Provided data
§ §

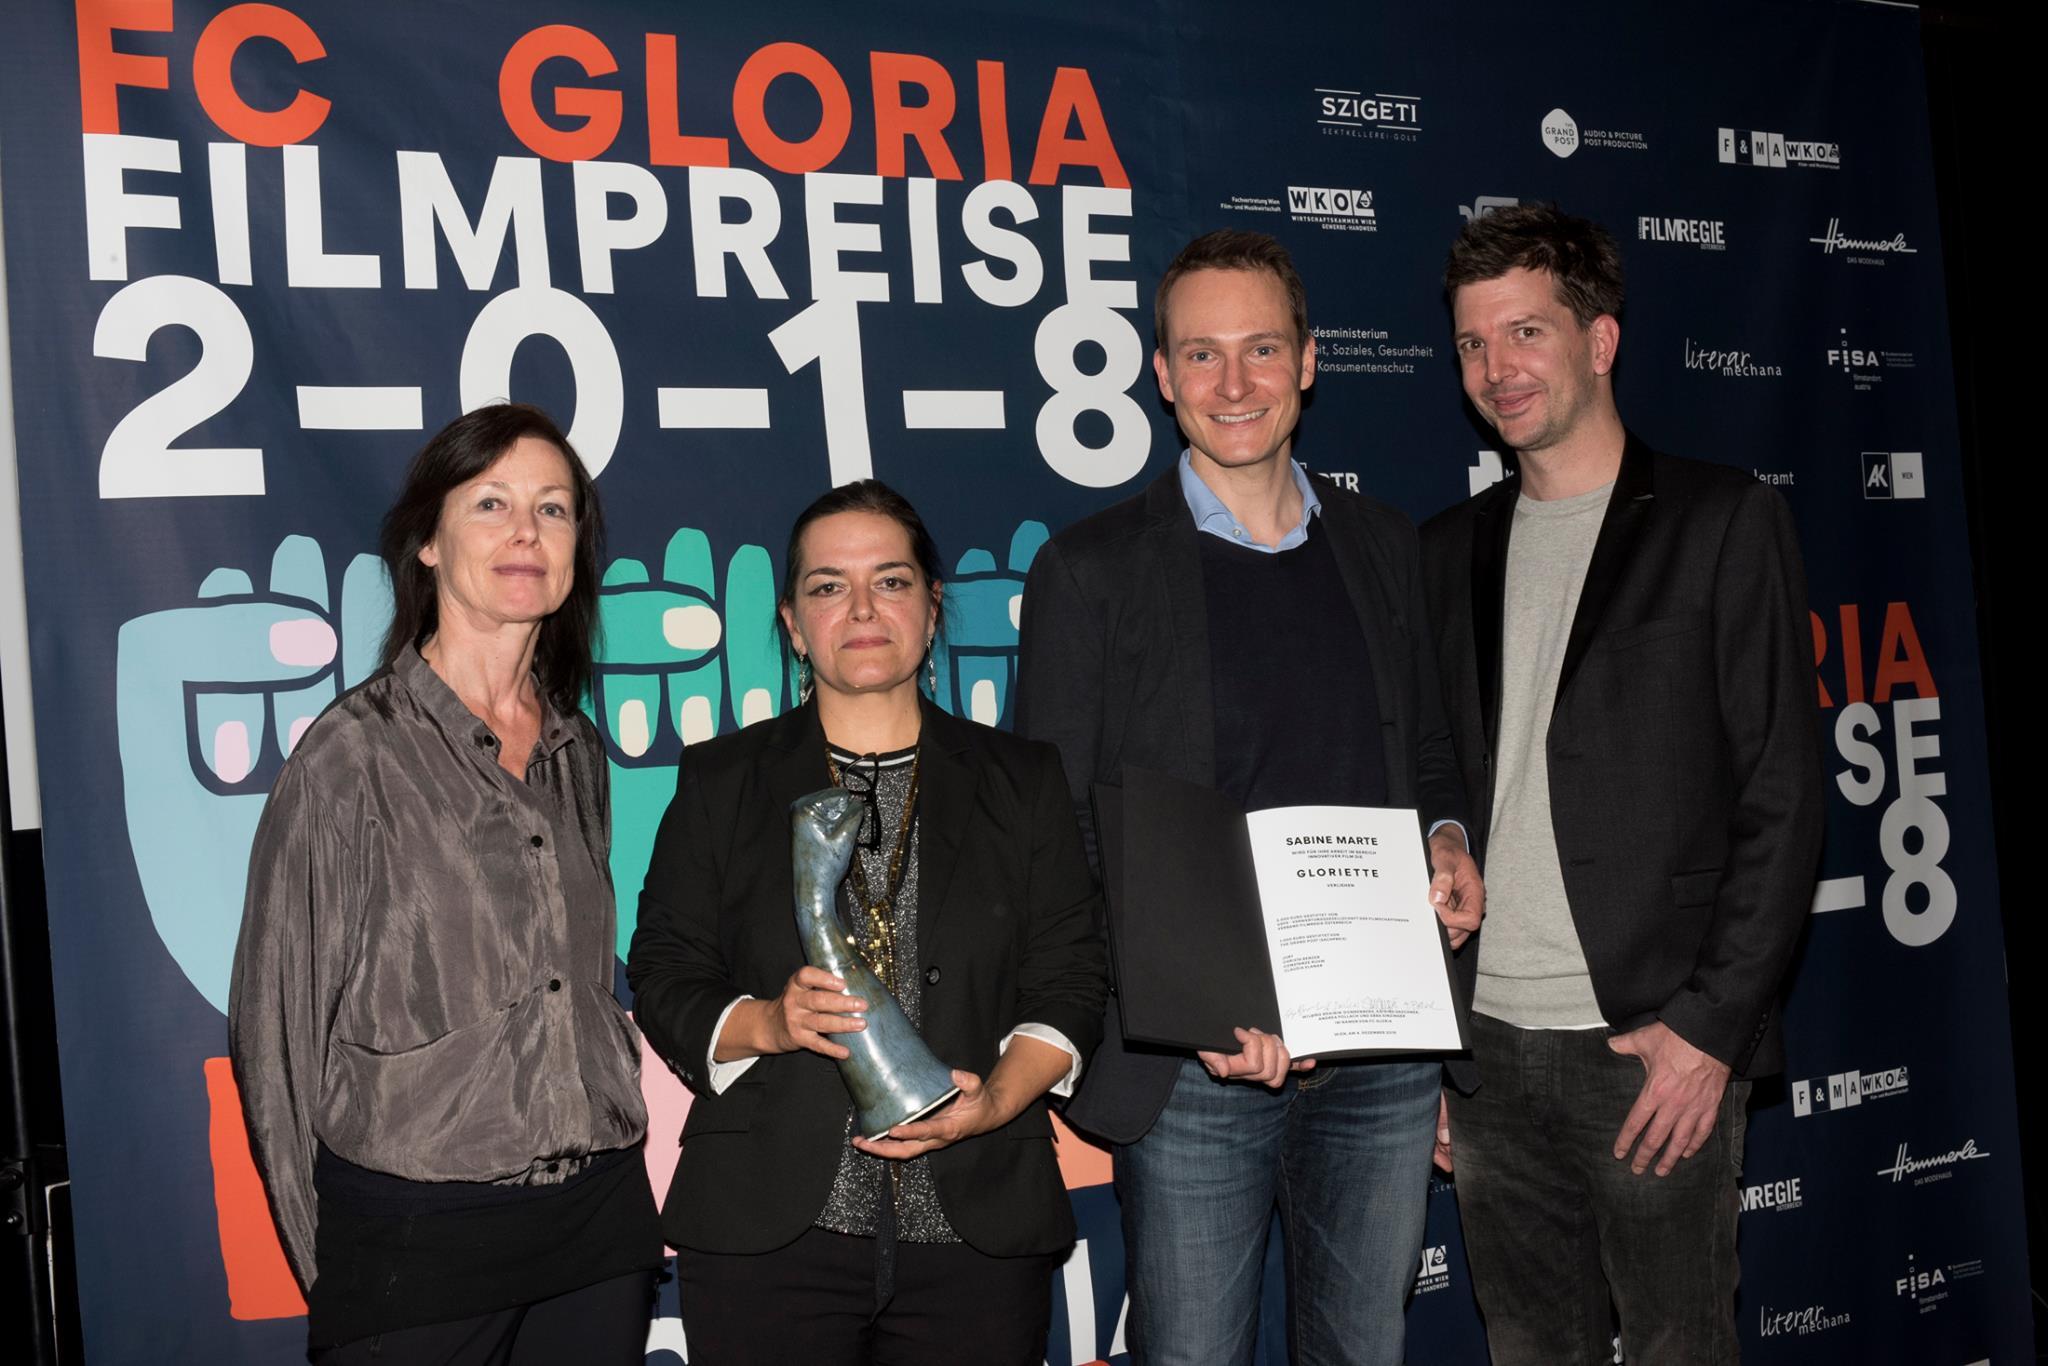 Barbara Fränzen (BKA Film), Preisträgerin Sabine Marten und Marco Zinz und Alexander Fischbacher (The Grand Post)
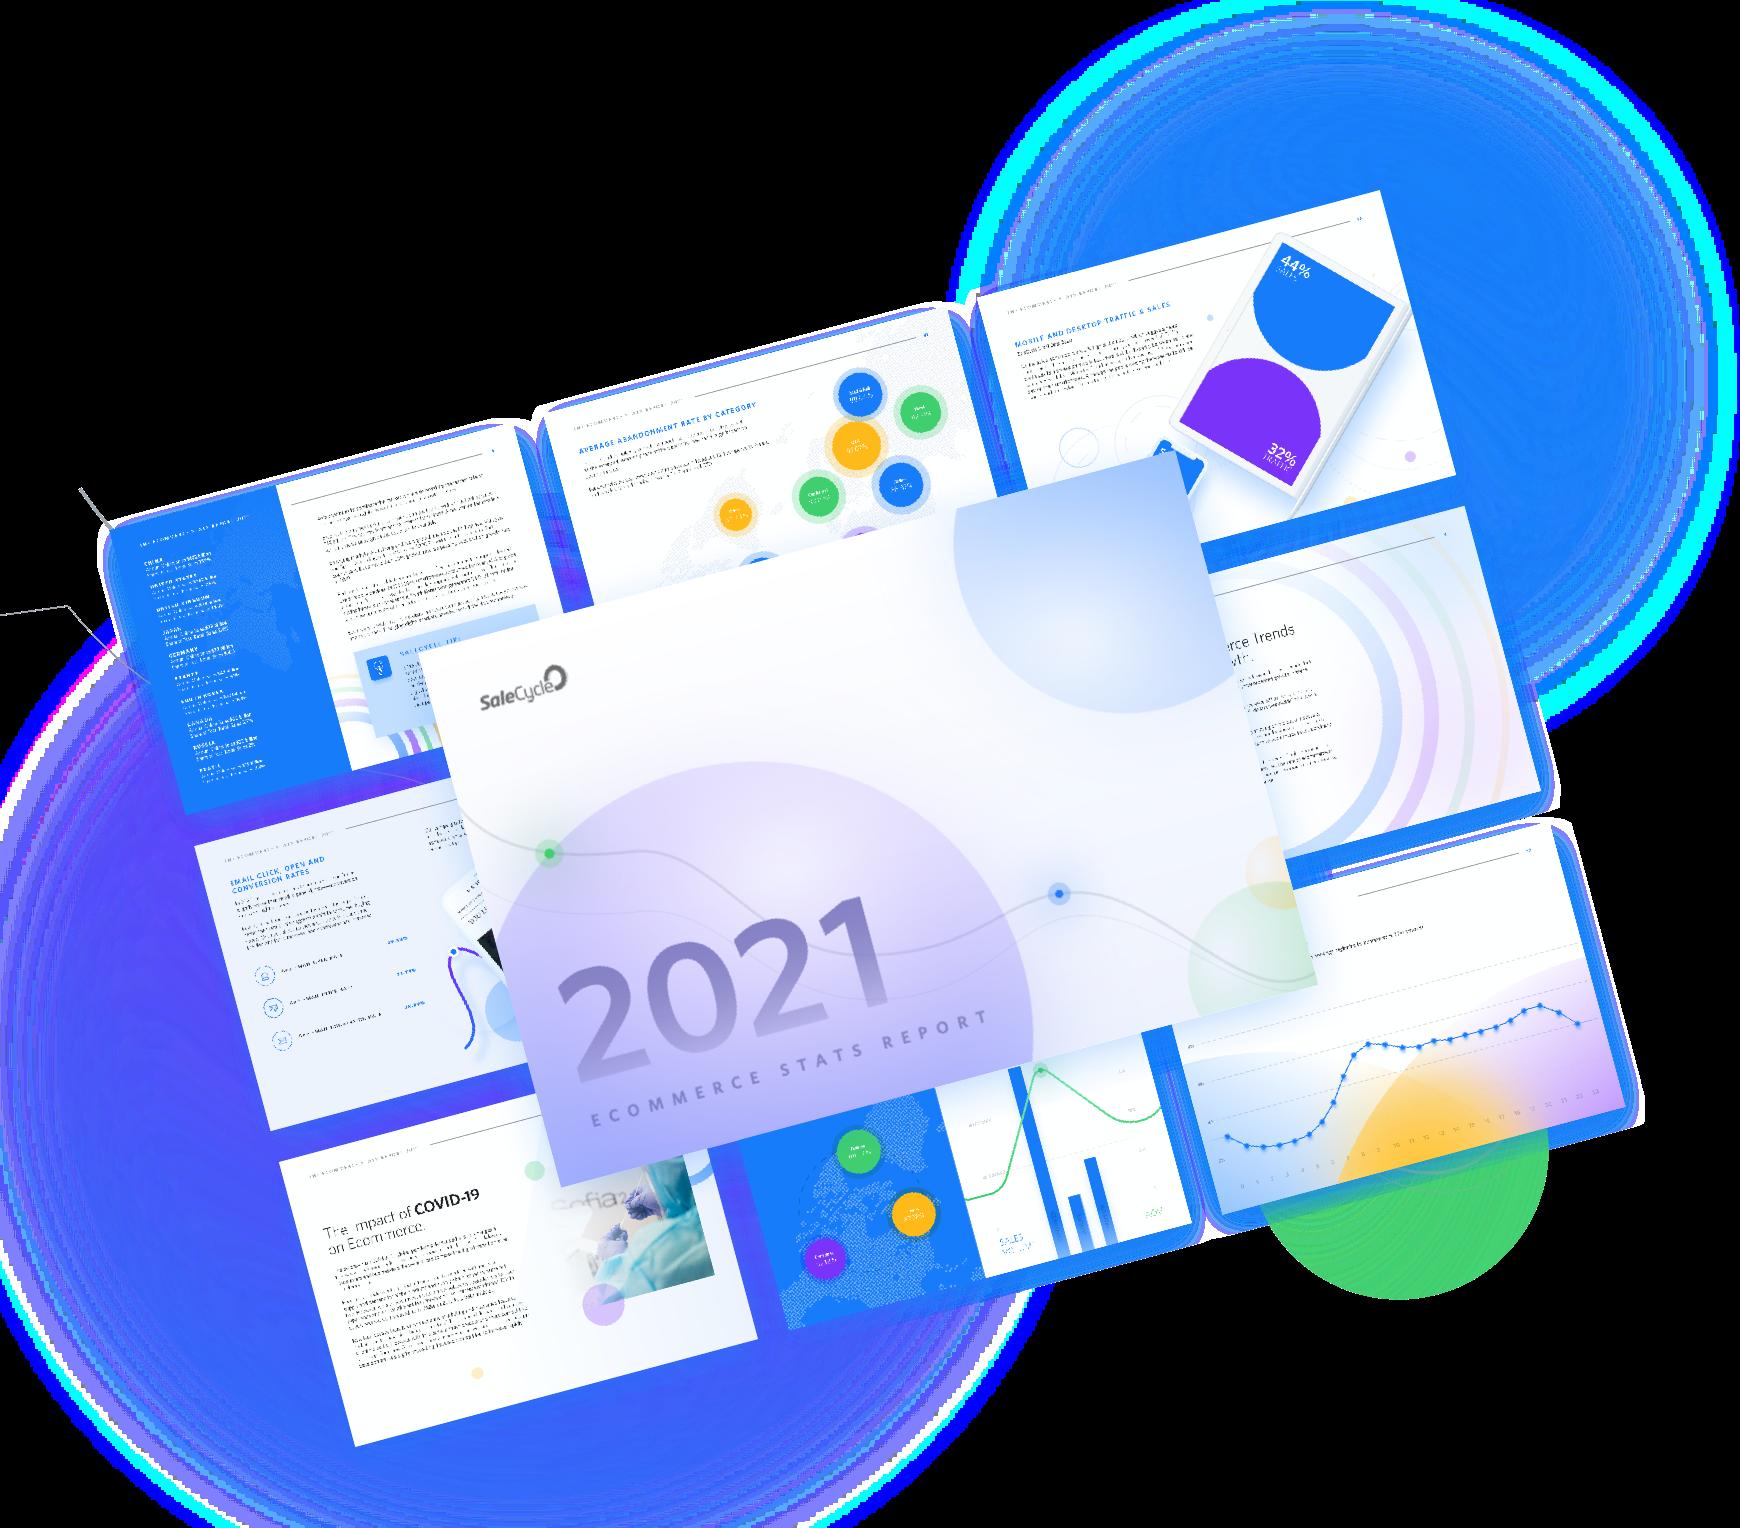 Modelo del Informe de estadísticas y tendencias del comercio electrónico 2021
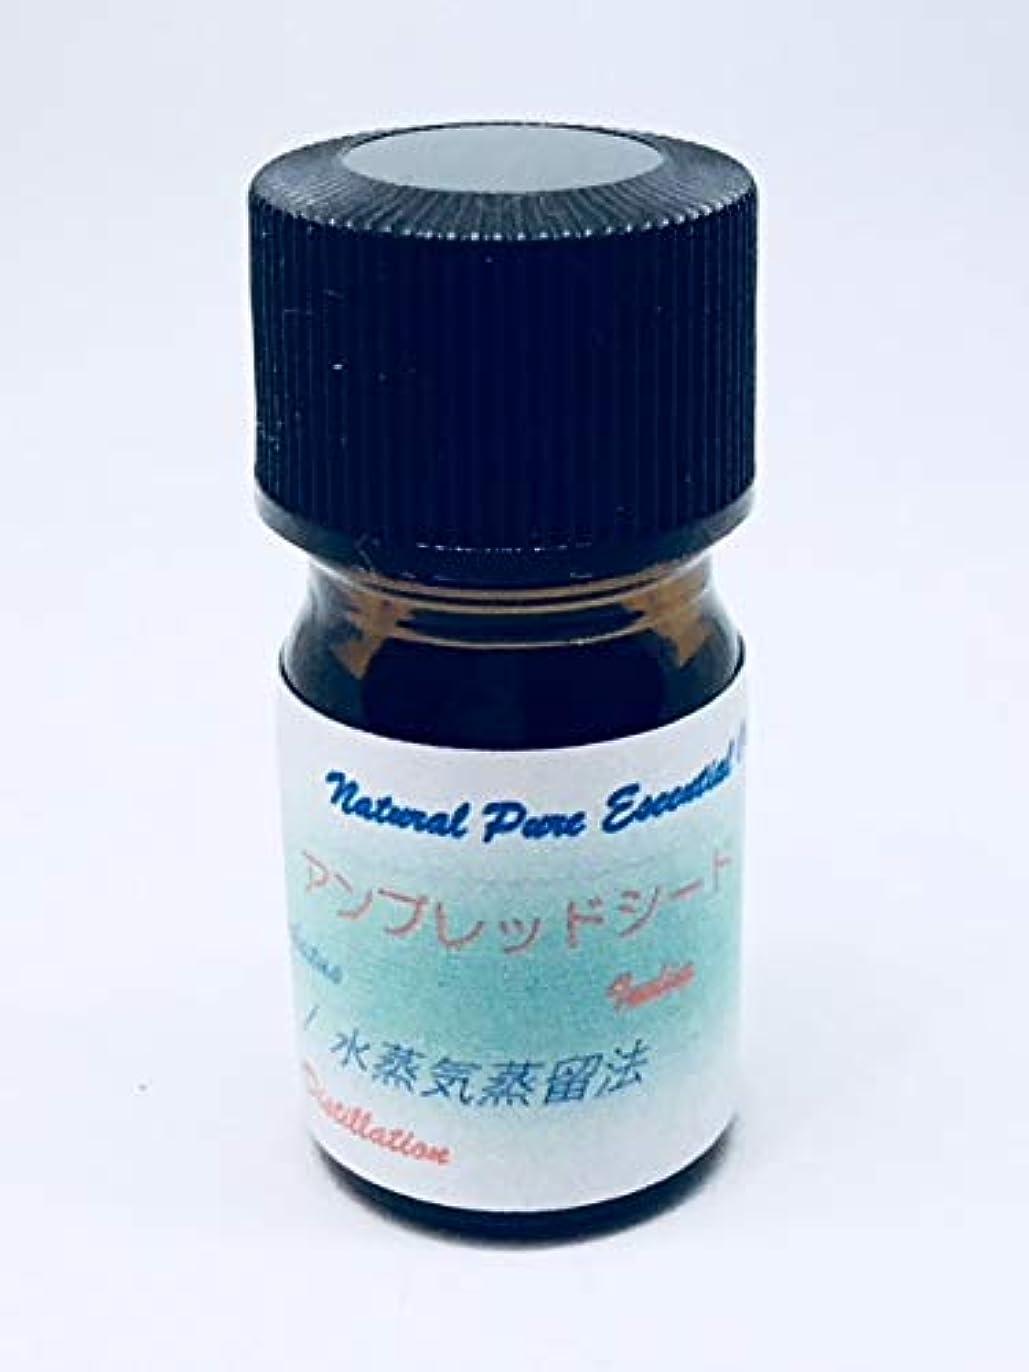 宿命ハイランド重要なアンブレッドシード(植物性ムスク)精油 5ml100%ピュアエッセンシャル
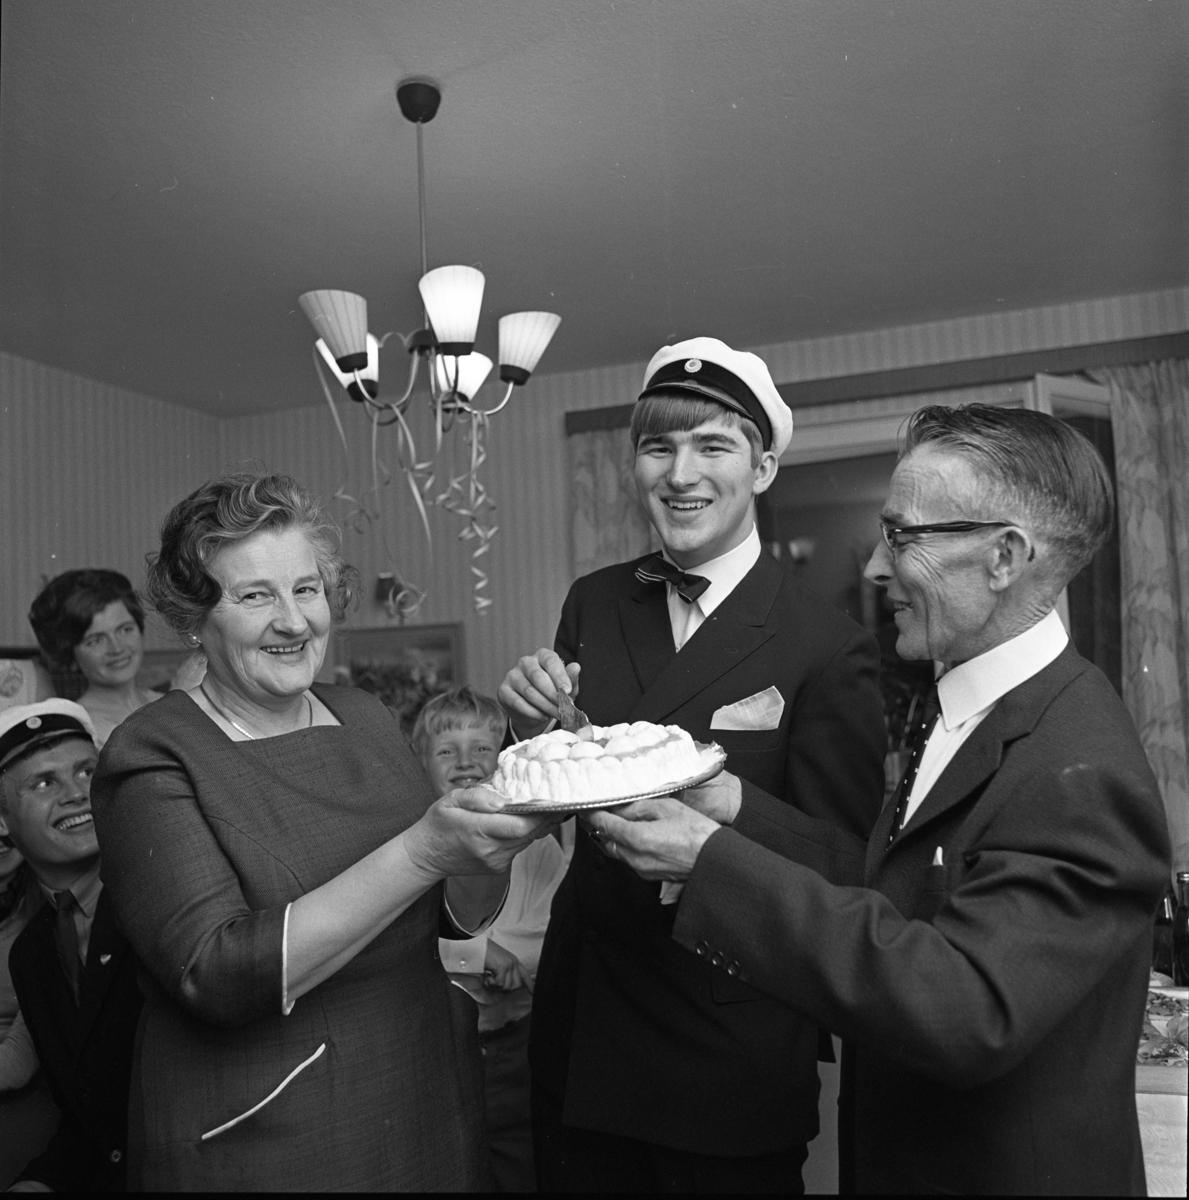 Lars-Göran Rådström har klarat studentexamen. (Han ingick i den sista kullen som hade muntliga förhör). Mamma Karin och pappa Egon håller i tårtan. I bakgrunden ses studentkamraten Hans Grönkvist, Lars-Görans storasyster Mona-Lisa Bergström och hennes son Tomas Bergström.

§ §

Activity
Where the line containing "宿命ハイランド重要なアンブレ" appears, begin writing out the lines word for word, and continue through the last line of the data, leaving out pictures.

Answer area
 宿命ハイランド重要なアンブレッドシード(植物性ムスク)精油 5ml100%ピュアエッセンシャル
 Lars-Göran Rådström har klarat studentexamen. (Han ingick i den sista kullen som hade muntliga förhör). Mamma Karin och pappa Egon håller i tårtan. I bakgrunden ses studentkamraten Hans Grönkvist, Lars-Görans storasyster Mona-Lisa Bergström och hennes son Tomas Bergström.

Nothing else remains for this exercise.